それが第5話ではまさかの人物に“災い”が…
本当にあと1話でこの物語は完結するのか。それともシーズン2があるのか。
毎話、異なる登場人物、異なる地域で事件が起きる、この「災」ですが、今回はこれまでの5話に共通して登場している「お約束シーン」について考察してみます。
題して「香川照之 沈黙の謎」。
(以降、ネタバレあります)
刑事との会話で19秒の沈黙 そのあと悲劇が…
今回、香川照之演じる「男」は、神奈川県警の刑事・堂本(中村アン)や飯田(竹原ピストル)らが勤める警察署に用務員として現れます。
胸につけた派遣会社(?)の社員証には「大門宏樹」と書かれています。
署内で作業を続けるうちに何度か飯田と遭遇する大門。やがて事態が急展開します。
実は飯田は、堂本が関心を持っていた一連の死亡事案を独自で捜査していて、第4話で登場した老舗旅館の写真を見ているうちに(この写真は、老舗旅館を紹介する雑誌のカメラマンが撮影したものですかね…)、そこに写っている男が大門にそっくりであることに気づくのです。

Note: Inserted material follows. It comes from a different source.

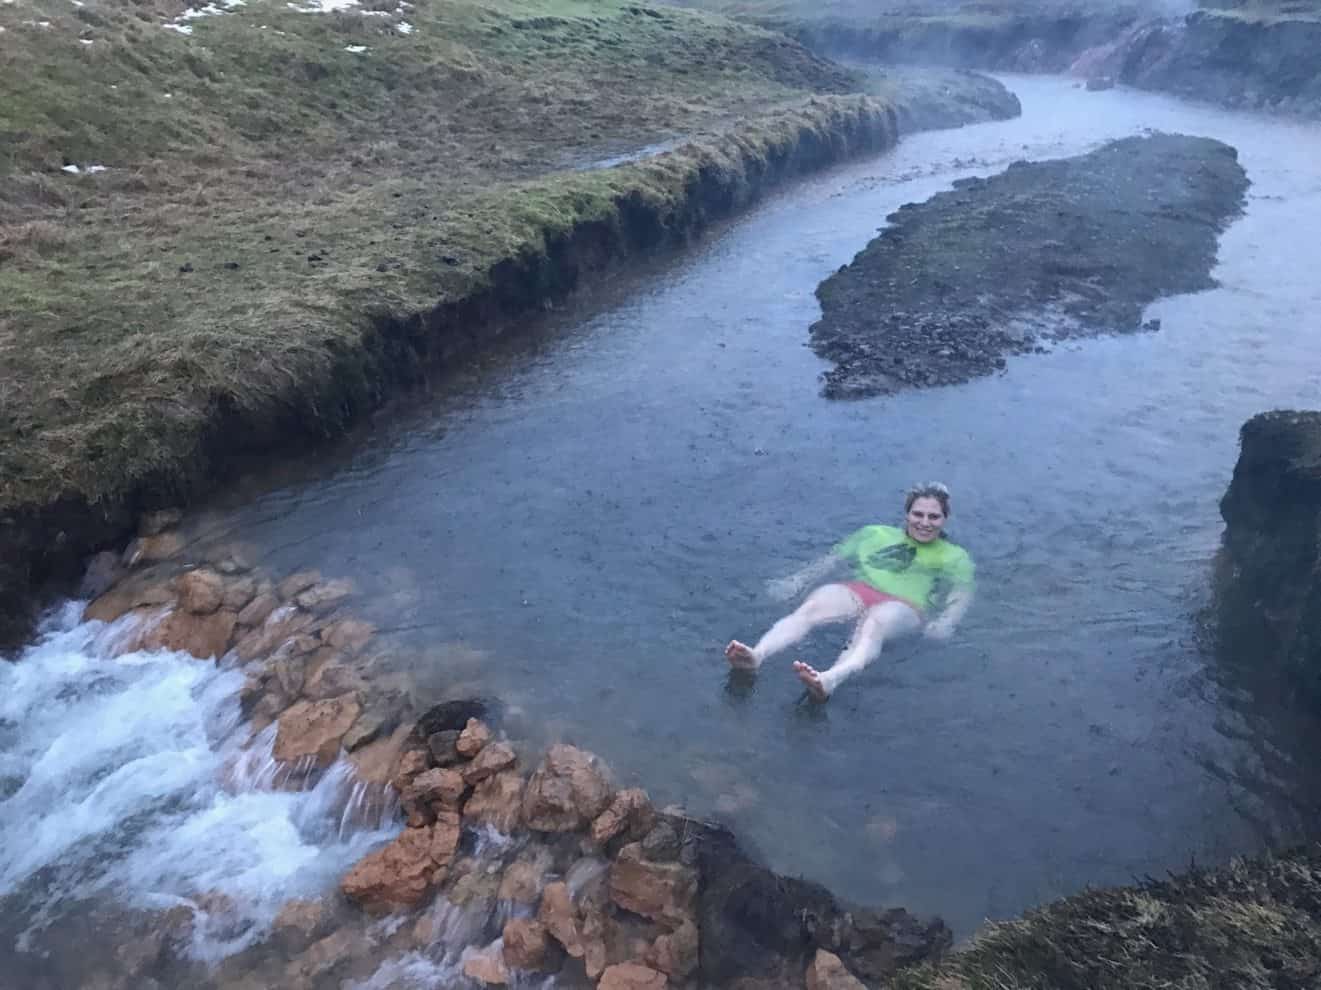 Swimming in the hot spring in Reykjadalur in January

そこで飯田は自ら大門に話しかけ、素性を探ろうとします。
しかしそれが仇になったのか、飯田は署内で遺体となって発見されます。
もしこれが大門による犯行であれば、警察署内であまりにも大胆と言わざるを得ないのですが…
今回はその直前、飯田が大門に接触するシーンに注目します。

警察署内の洗濯室で飯田が大門と会話しています。
ひとしきり話した後、「すいません、長々と」と切り上げ、部屋を出ていこうとする飯田。しかしふと振り返って、大門に「何でここで働こうと思ったんですか?」と尋ねます。「え?」と戸惑う大門に飯田は「いやほら、自分の職場でもあるし、何かこの警察署のいいところでもあるのかなと…」と説明。
「それは…」と答え始めただ大門ですが「いくつも応募して…」と言った後、その言葉が途切れ… 沈黙が訪れます。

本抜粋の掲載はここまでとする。